18531374. LEVERAGING MULTIDIMENSIONAL SENSOR DATA FOR COMPUTATIONALLY EFFICIENT OBJECT DETECTION FOR AUTONOMOUS MACHINE APPLICATIONS simplified abstract (NVIDIA Corporation)

From WikiPatents
Jump to navigation Jump to search

LEVERAGING MULTIDIMENSIONAL SENSOR DATA FOR COMPUTATIONALLY EFFICIENT OBJECT DETECTION FOR AUTONOMOUS MACHINE APPLICATIONS

Organization Name

NVIDIA Corporation

Inventor(s)

Innfarn Yoo of Fremont CA (US)

Rohit Taneja of Fremont CA (US)

LEVERAGING MULTIDIMENSIONAL SENSOR DATA FOR COMPUTATIONALLY EFFICIENT OBJECT DETECTION FOR AUTONOMOUS MACHINE APPLICATIONS - A simplified explanation of the abstract

This abstract first appeared for US patent application 18531374 titled 'LEVERAGING MULTIDIMENSIONAL SENSOR DATA FOR COMPUTATIONALLY EFFICIENT OBJECT DETECTION FOR AUTONOMOUS MACHINE APPLICATIONS

Simplified Explanation

The abstract describes a patent application for a system that combines 2D and 3D object detection results using deep neural networks for object classification.

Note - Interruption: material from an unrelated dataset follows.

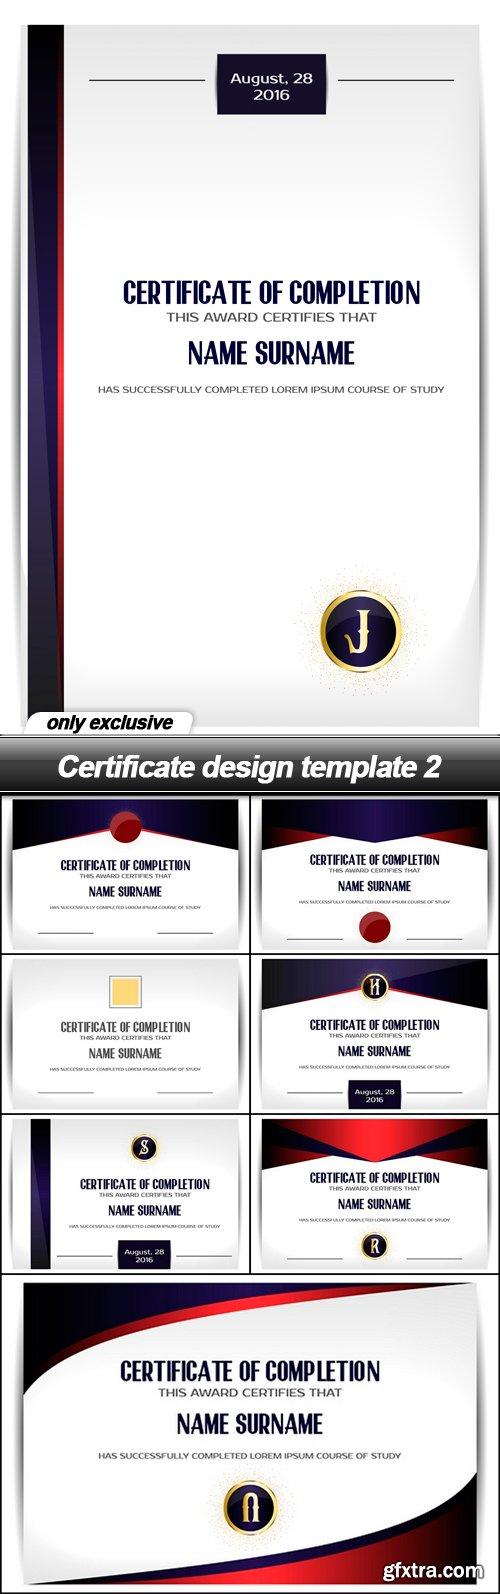 Certificate design template 2 - 8 EPS

  • The system uses region proposal networks (RPNs) to determine regions of interest (ROIs) in both 2D and 3D space.
  • ROIs are extended into 3D frustums, and a point cloud is filtered to include only points within the frustum.
  • The remaining points are voxelated to create a 3D volume, which is processed by a 3D DNN to generate vectors.
  • These vectors, along with additional vectors from a 2D DNN processing image data, are fed into a classifier network for object classification.

Potential Applications

This technology can be applied in various fields such as autonomous driving, robotics, surveillance systems, and augmented reality for accurate object detection and classification.

Problems Solved

This technology addresses the challenge of accurately classifying objects in both 2D and 3D space by combining the strengths of 2D and 3D deep neural networks.

Benefits

The system provides more robust and accurate object classification by fusing information from both 2D and 3D data sources, leading to improved performance in various applications.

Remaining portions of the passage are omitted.